In Europe, the ability to recognize negative best estimate liabilities on the solvency balance sheet, effectively capitalizing estimated future profits on books of in-force business, and considering these profits to be immediately available to absorb losses in the business, requires companies to be extra vigilant. In reality, such assets may be far from liquid, unless they can be repackaged through value-in-force (VIF) monetization, or used to secure reinsurance financing of some sort. The same may be said of the likes of deferred tax assets, except that these assets may be even less liquid, unless they can be sold on to other entities within a group structure.

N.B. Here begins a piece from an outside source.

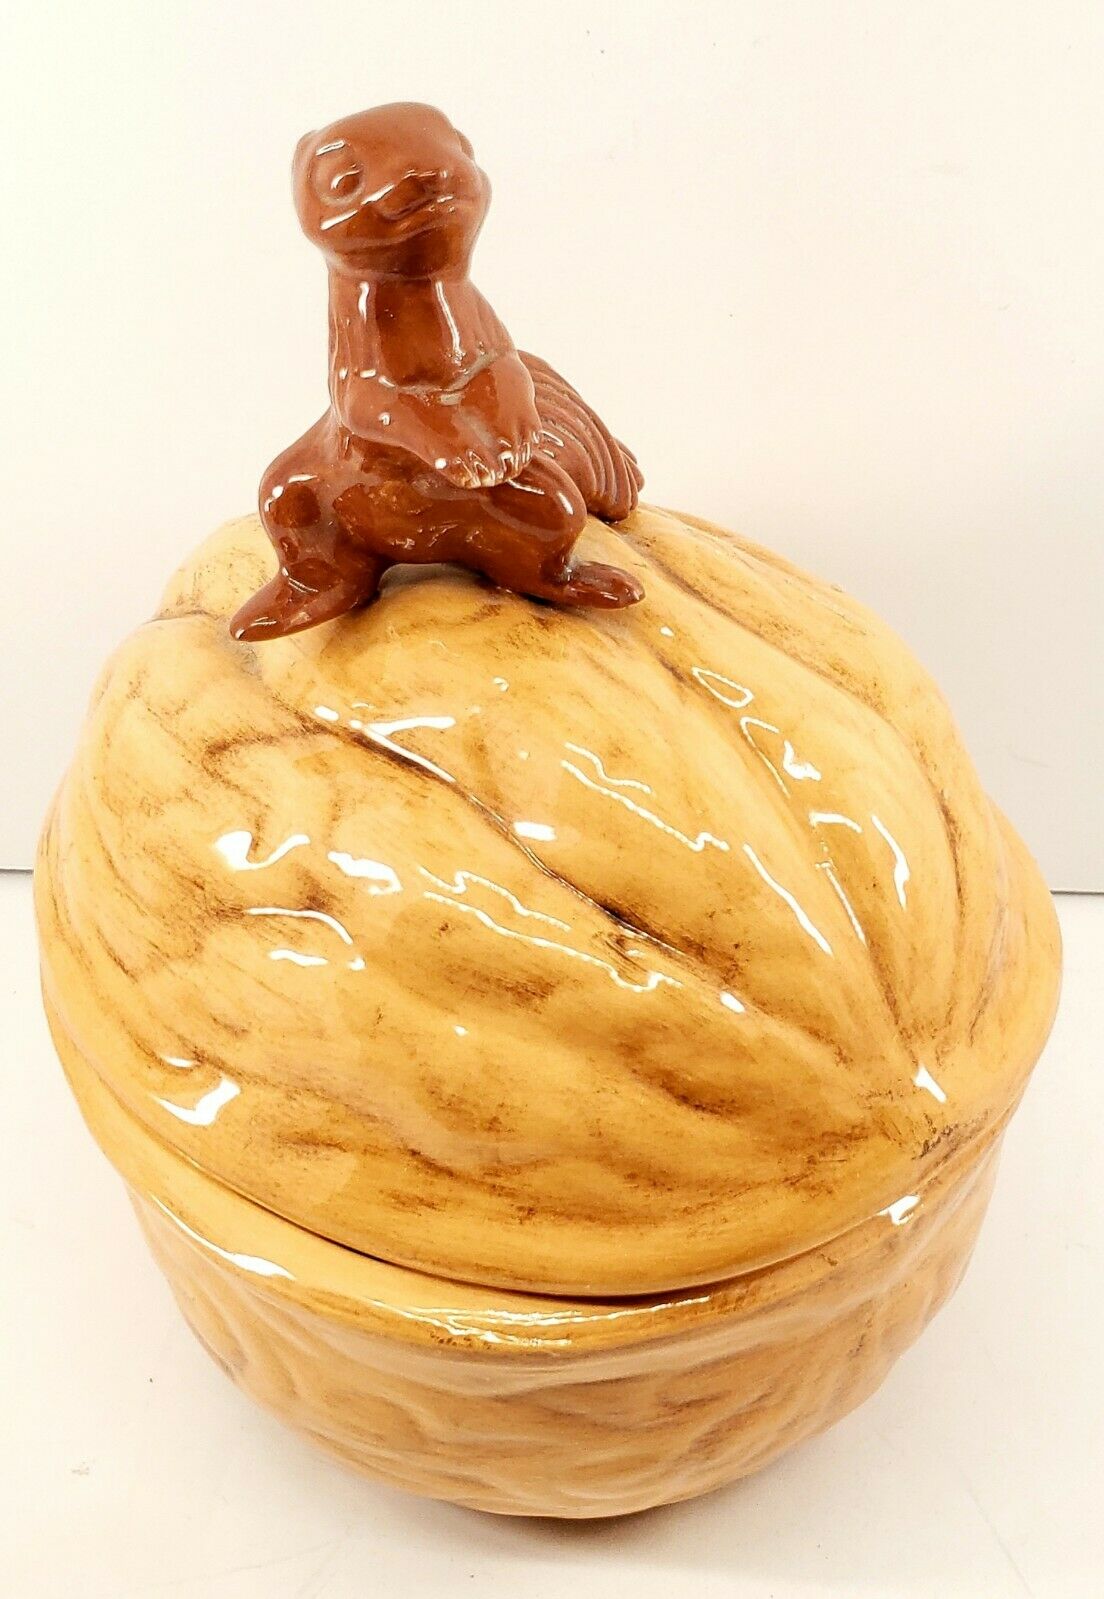 Vintage Ceramic Walnut Shaped Candy Or Nut Dish With Squirrel Handle

Other aspects of the liability side of the balance sheet can also pose liquidity challenges. Take, for example, a company with a range of unit-linked funds operating on a t+1 basis (i.e., settlement occurs one day after the transaction date), with a further range of funds operating on a t+2 basis. Policyholder fund switches out of the t+2 funds and into the t+1 funds can leave companies needing to provide liquidity for transaction settlements upon purchase of the t+1 assets, before payment is received from the sale of the t+2 assets. Depending on the volume of transactions, which could be significant, firms may struggle to provide such financing on an ongoing basis. More severe examples of firms struggling to cope with fund switch activity have included suspension of redemptions from property funds, albeit more because of the underlying lack of liquidity of the assets than the nature of the pricing basis, though ultimately leading to similar problems. Funds that permit a mix of both individual and corporate investors may be particularly susceptible, as the latter potentially have the ability to move vast sums of money very quickly, and before redemptions are suspended, precipitating the lack of liquidity for individuals.